What occurs when assigning a string to char in C -

i appreciate understanding occur in next code? (writing "a" instead of 'a' , etc...). mean stored in memory , why isnt program crashes.

char str[10] ;  str[0] = "a"; str[1] = "b"; str[2] = "\0"; 

thanks.

'a' single character (type char) having ascii value 97. "a" c style string, char array having 2 elements, 'a' , '\0'.

if compile code above 3 warnings 3 assignments. on gcc these warnings this:

main.c:6:12: warning: assignment makes integer pointer without cast [enabled default] 

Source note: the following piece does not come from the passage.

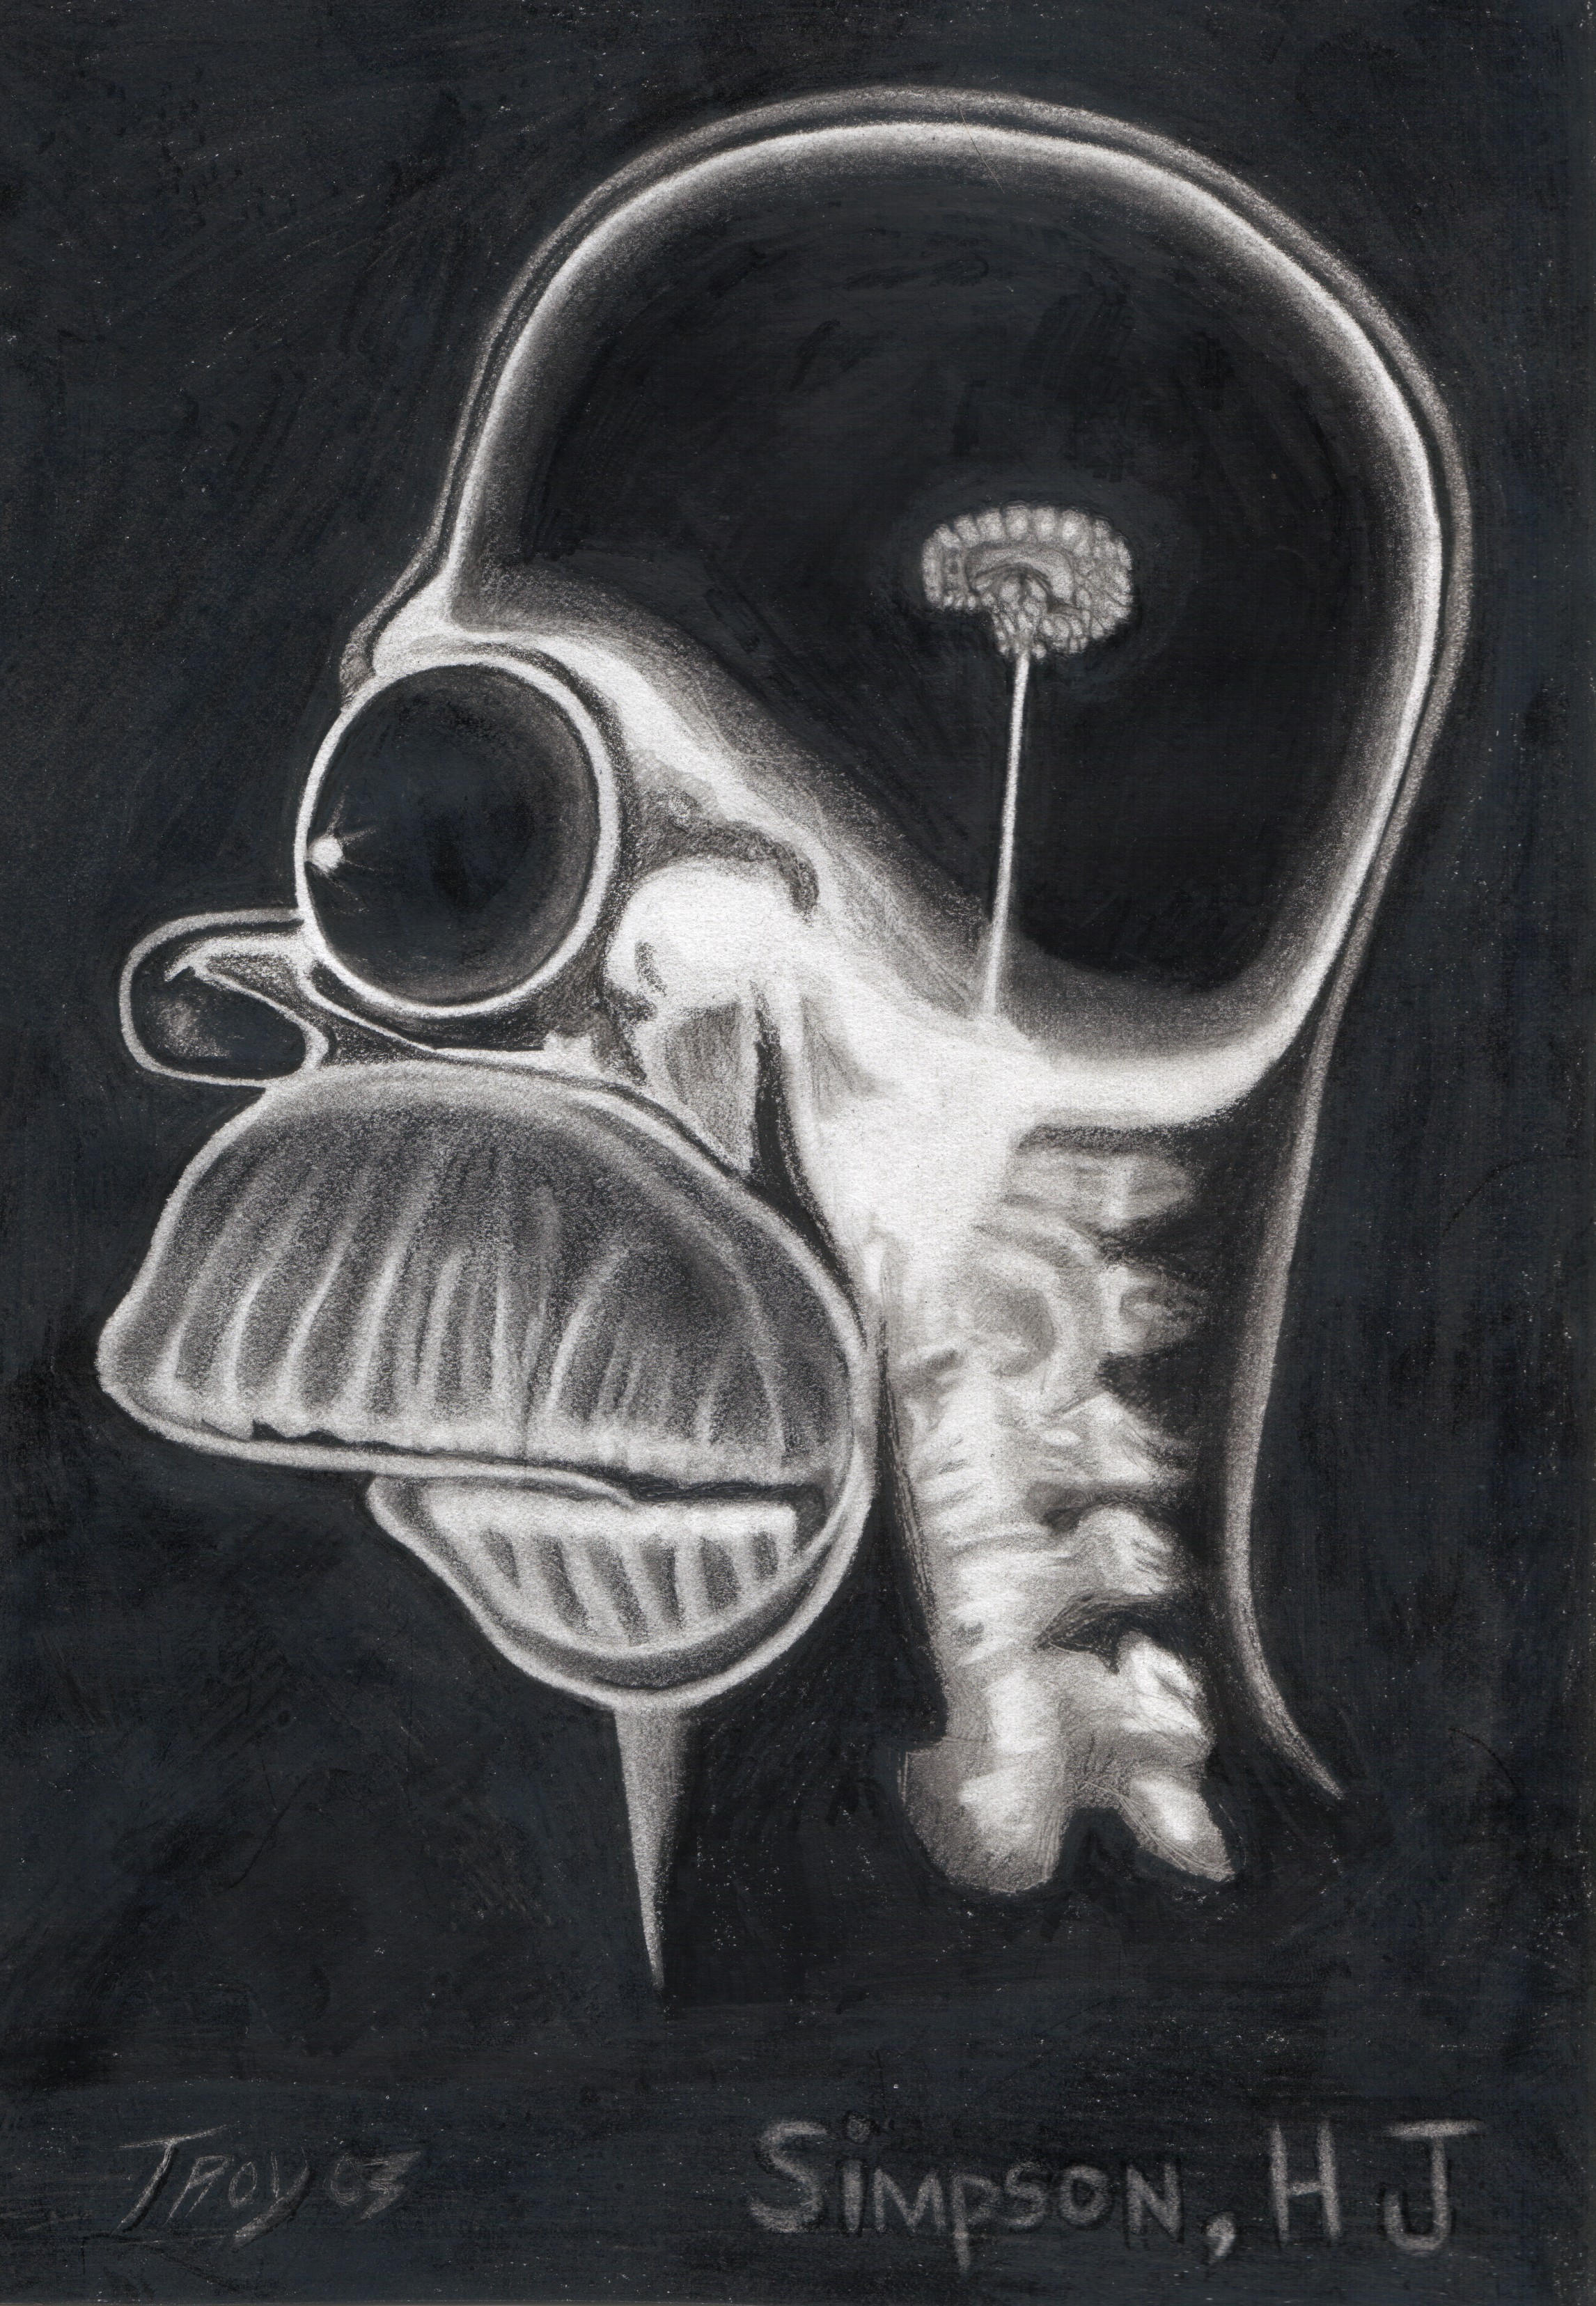 Homers X Ray By Cokeglass On DeviantArt.

lets take first assignment in code:

str[0] = "a"; 

the right hand side operand, "a", char *. left hand side operand char, integer type. warning hints towards, takes value of pointer, converts integer, , truncates size of char , stores truncated value in str[0]. after assignment str[0] not contain value 'a' (ascii 97) might expect, value obtained described above.

so far good, no reason program crash, note str not contain meaningful string.

now if try useful string, print example:

printf("%s", str); 

you find reason might crash program (or cause whole lot of other problems, memory corruption). problem last assignment, str[2] = "\0", doesn't terminate string might expect. end c-style string that's not null-terminated. sure , short path disaster.

to test behavior, try display actual values stored in str after assignments:

printf("%d - %d - %d", str[0], str[1], str[2]); 

you find different values ones might expect (97, 98, 0).